Diffsitter: A tree-sitter based AST difftool to get meaningful semantic diffs

affyboi · on July 19, 2021

Hey guys, author of the project here. I'll admit I was a bit surprised to see this on the front page, I want to say that this is very much alpha software (I very deliberately can't let it hit 1.0 yet), so definitely very rough around the edges. I've been very busy with work recently so I've definitely had a lull in my open source contributions, but I hope that I can get back on track soon (TM).

Right now I have plans to implement the Myers diff algorithm to make diffsitter more efficient (profiling shows that the current biggest bottleneck is memory allocations), and after that I wanted to start experimenting with different heuristics to make the diffs themselves more useful. Support for the unified diff format is also in my plans.

It's nice to see people discussing the project, I'm very flattered that you guys have taken the time to look at it, and please feel free to open issues with features that you want to see or any shortcomings you've found.

The backstory for this project is that I once had to review a diff in a golang codebase that realigned a bit struct because someone added a new field, and I was slightly annoyed that I was seeing all these extra lines changed even though I really only cared about the fields that were added, so I did a little weekend project to see if it was possible to do a diff directly on the AST instead, and I've been working on this in small pieces ever since.

a-dub · on July 19, 2021

cool idea!

have you thought about using the ast representation to regenerate "canonicalized" versions of the source files upon which you can then represent the diffs (and context)?

affyboi · on July 21, 2021

Sorry I'm not sure I quite follow by what you mean by canonical, do you something like applying a standard style?

a-dub · on July 22, 2021

yeah, but more aggressive. for both the left and right side, parse to an ast and then go back to text, but do things like enforce orderings on things where orderings don't matter and strip out comments, and force whitespace to be clearly defined... so you have a "just the facts" view into what changed that plays nice with existing diff tools.

(i'm not suggesting this be committed, but rather it be a view)

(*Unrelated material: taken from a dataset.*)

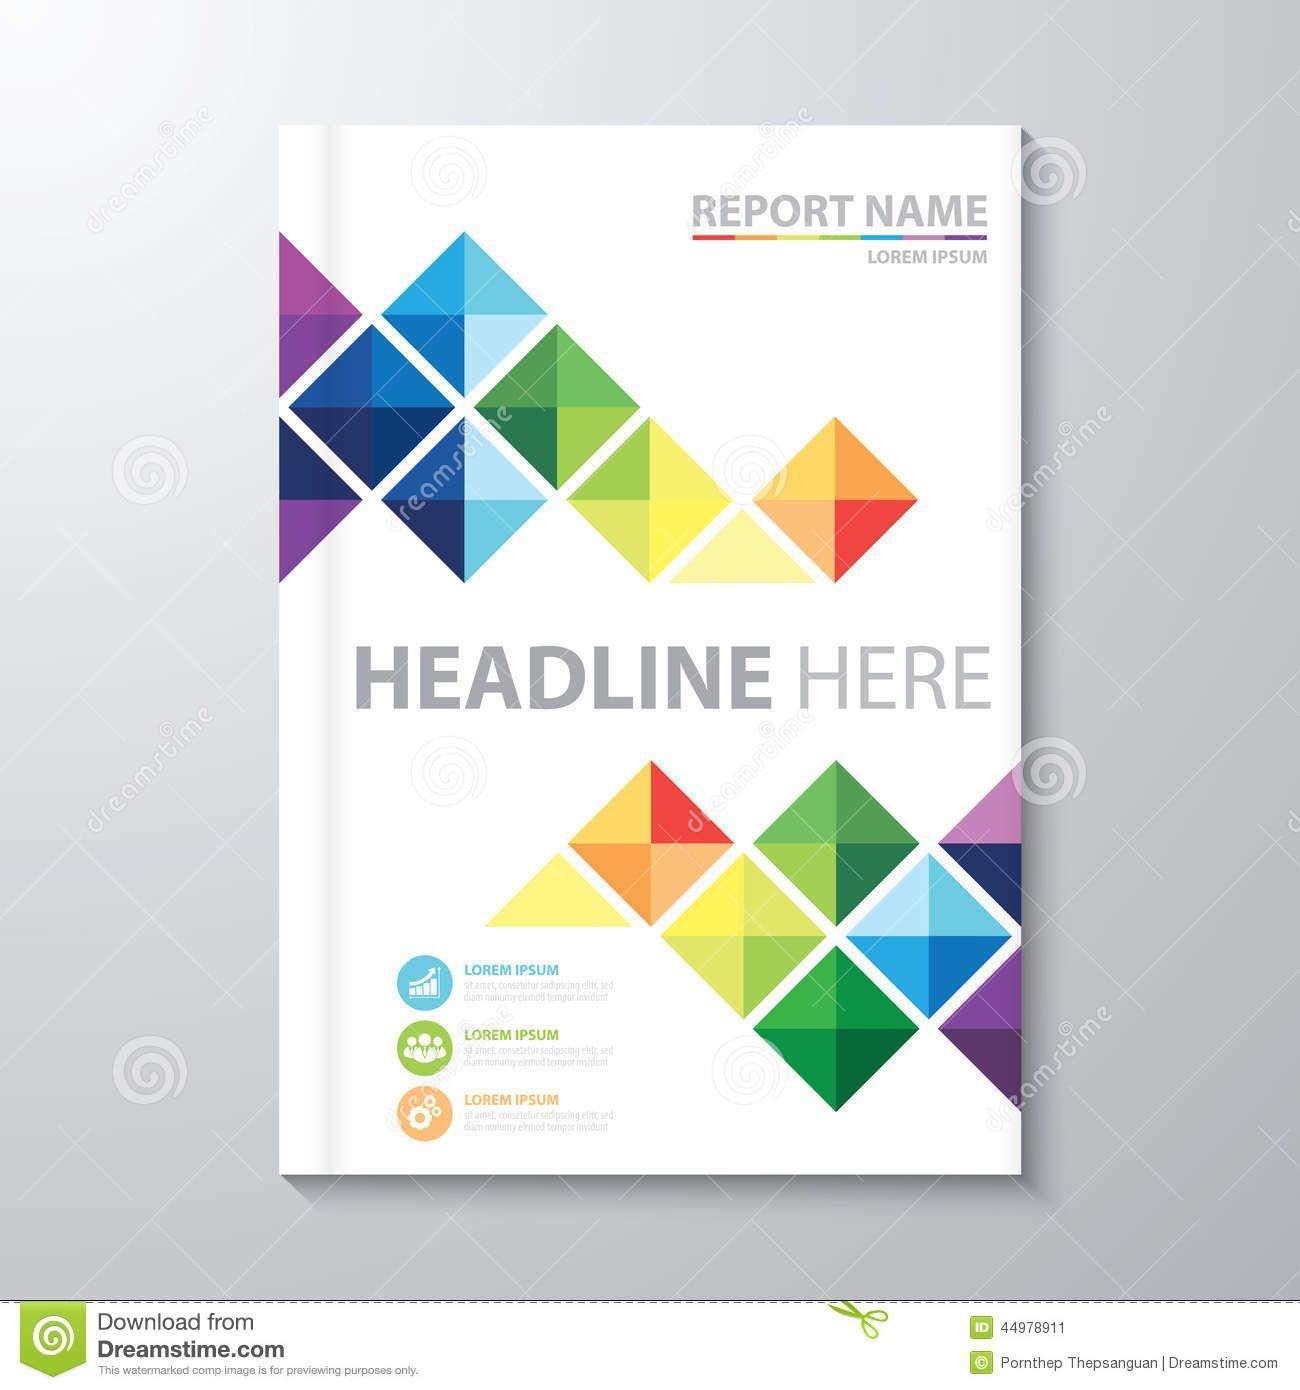 Cover Annual Report Stock Vector. Illustration Of Artwork Regarding Annual Report Word Template

nemetroid · on July 18, 2021

The example is very confusing. According to the output of diffsitter, the diff is (in order):

1. "let x = 1" was removed

2. "fn add_one {" was removed

3. a closing brace was added

4. "fn addition() {" was added

5. "fn add_two() {" was added

(1) is neat, (2) is reasonable. (3) showing up before both (4) and (5) is super weird. Is there a bug, or does this just demonstrate a disconnect between how a parser parses the code and how a human parses it?

comex · on July 18, 2021

Indeed, the example seems a little underwhelming.

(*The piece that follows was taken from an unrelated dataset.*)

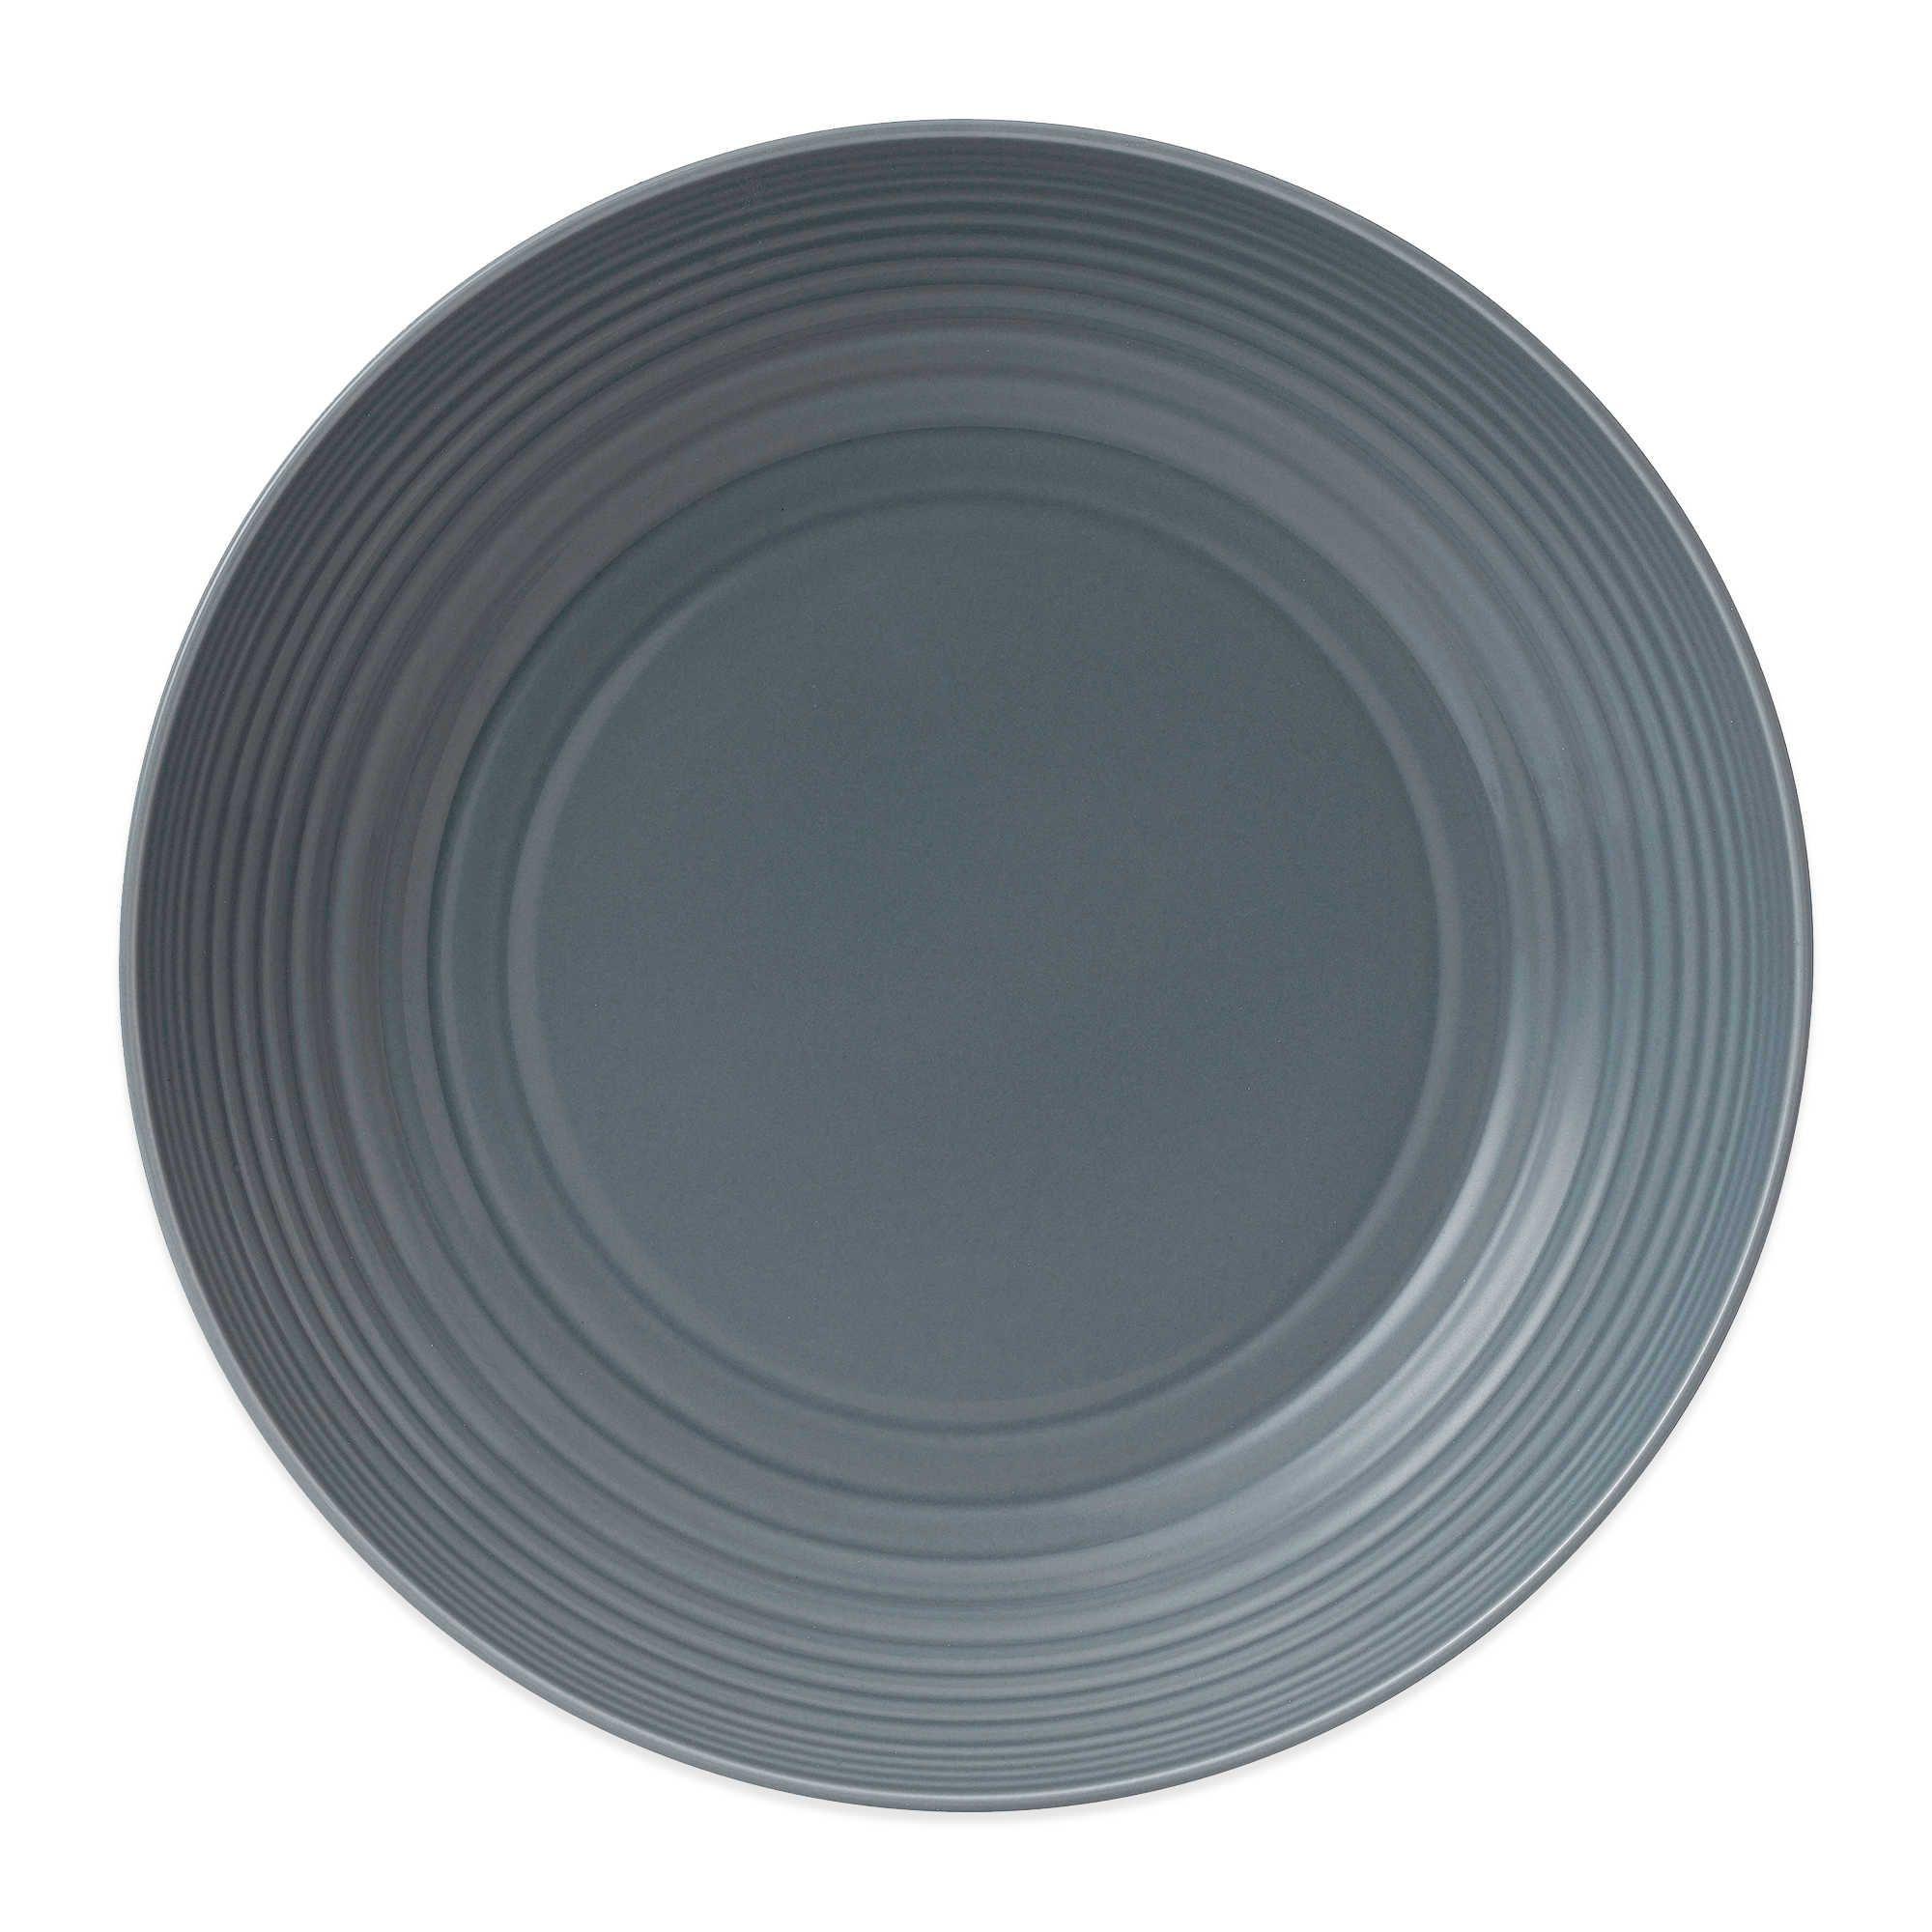 Gordon Ramsay by Royal Doulton® Maze Serving Bowl in Dark Grey

It does demonstrate that diffsitter can tell that `fn main() {` was not semantically changed at all, while still being able to cope with syntactically invalid code like `fn add_one {`.

But look at the following, where I've attempted to manually convert diffsitter's generated diff into a unified diff format, making it easier to understand what's going on:

    1   fn main() {
    2 -     let x = 1;
    3 - fn add_one {
    4 + }
    5 + fn addition() {
    6   }
    7 + fn add_two() {
    8   }

Look at the closing brace on line 6, which doesn't have a - or + in front of it, meaning that the diff tool has found a closing brace in the old code and one in the new code and decided that they correspond to each other. But this correspondence is not syntactically meaningful. In the old code, that closing brace belongs to `fn main`. In the new code, however, it belongs to `fn addition`, while `fn main`'s closing brace is now represented by the "inserted" closing brace on line 4!

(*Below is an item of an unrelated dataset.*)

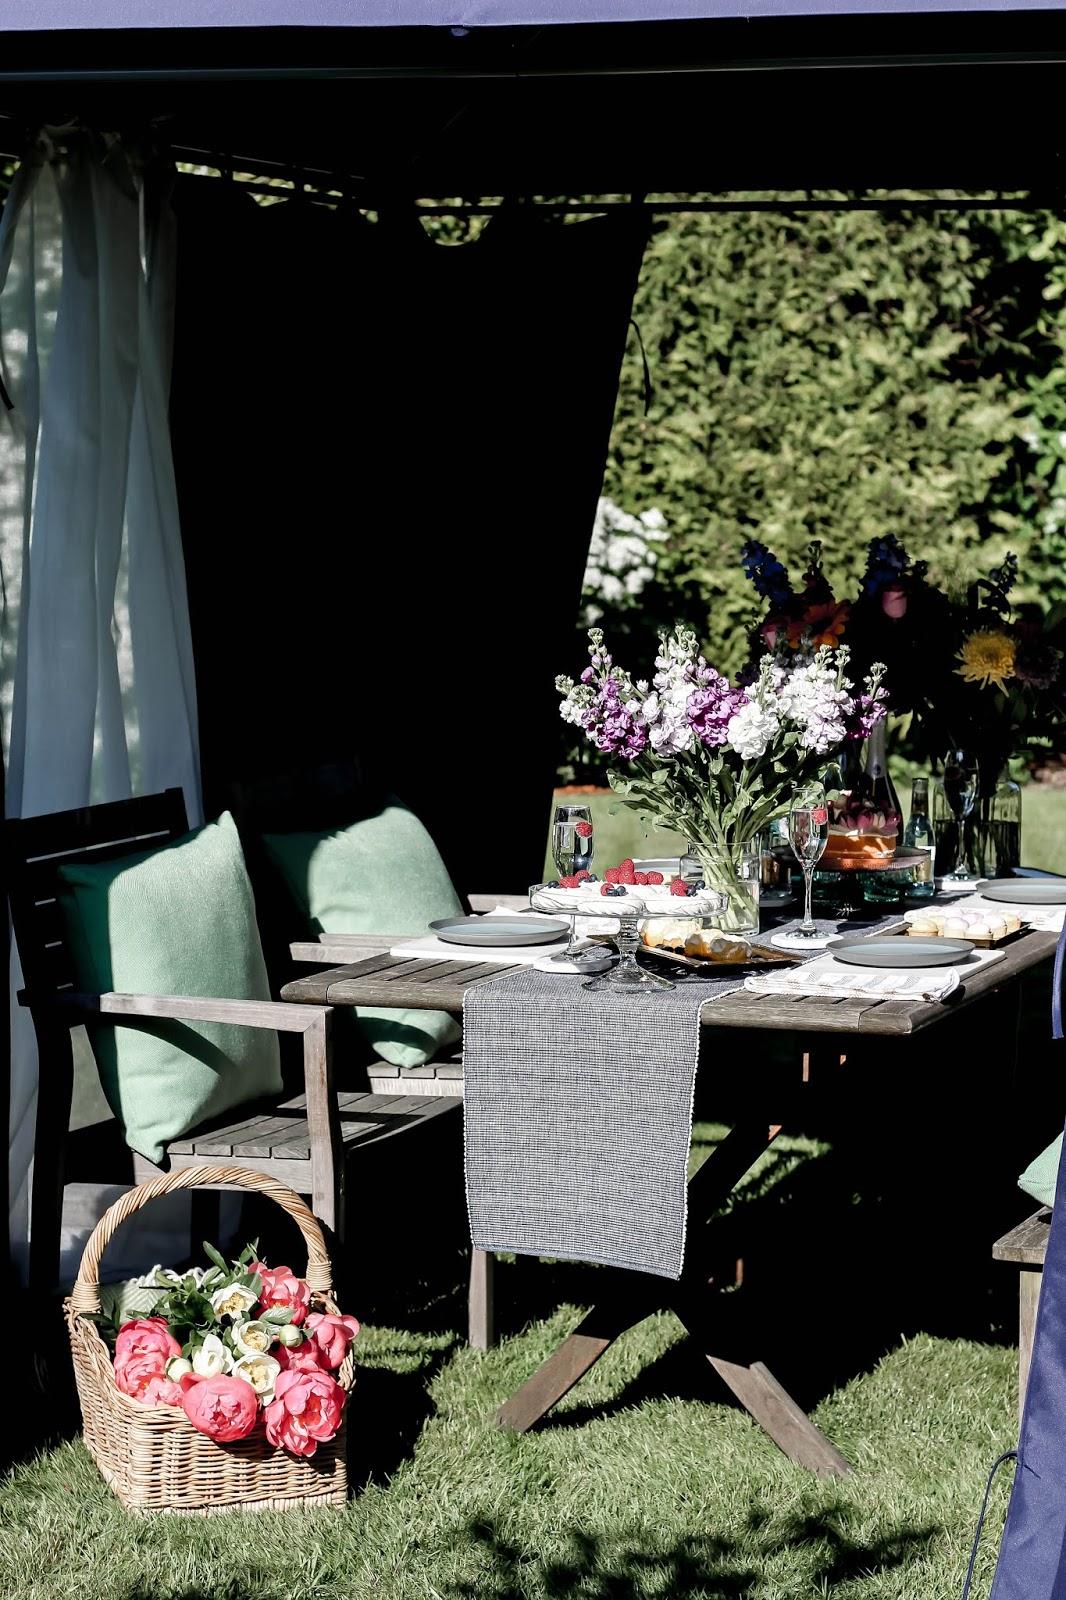 Summer Al Fresco Dining Afternoon Tea Outdoors

Mixing up braces this way is a typical weakness of traditional diff tools. I'd hope that a syntax-aware diff tool could prevent such mix-ups, and instead generate a diff like:

    1   fn main() {
    2 -     let x = 1;
    3   }
    4 - fn add_one {
    5 - }
    6 + fn addition() {
    7 + }
    8 + fn add_two() {
    9 + }

Even though this diff is one line longer (while diff tools typically aim to produce the shortest possible diff), it's more semantically correct, and would be much easier to deal with if a merge conflict came into play.

Unfortunately, diffsitter does not do this, at least not in that demo. And I don't see how it would be [edit: caused by] a disconnect between how a parser parses the code and how a human parses it. The parser has the same idea of closing braces belonging to particular opening constructs as humans do.

feanaro · on July 18, 2021

> And I don't see how it would be because of a disconnect between how a parser parses the code and how a human parses it. The parser has the same idea of closing braces belonging to particular opening constructs as humans do.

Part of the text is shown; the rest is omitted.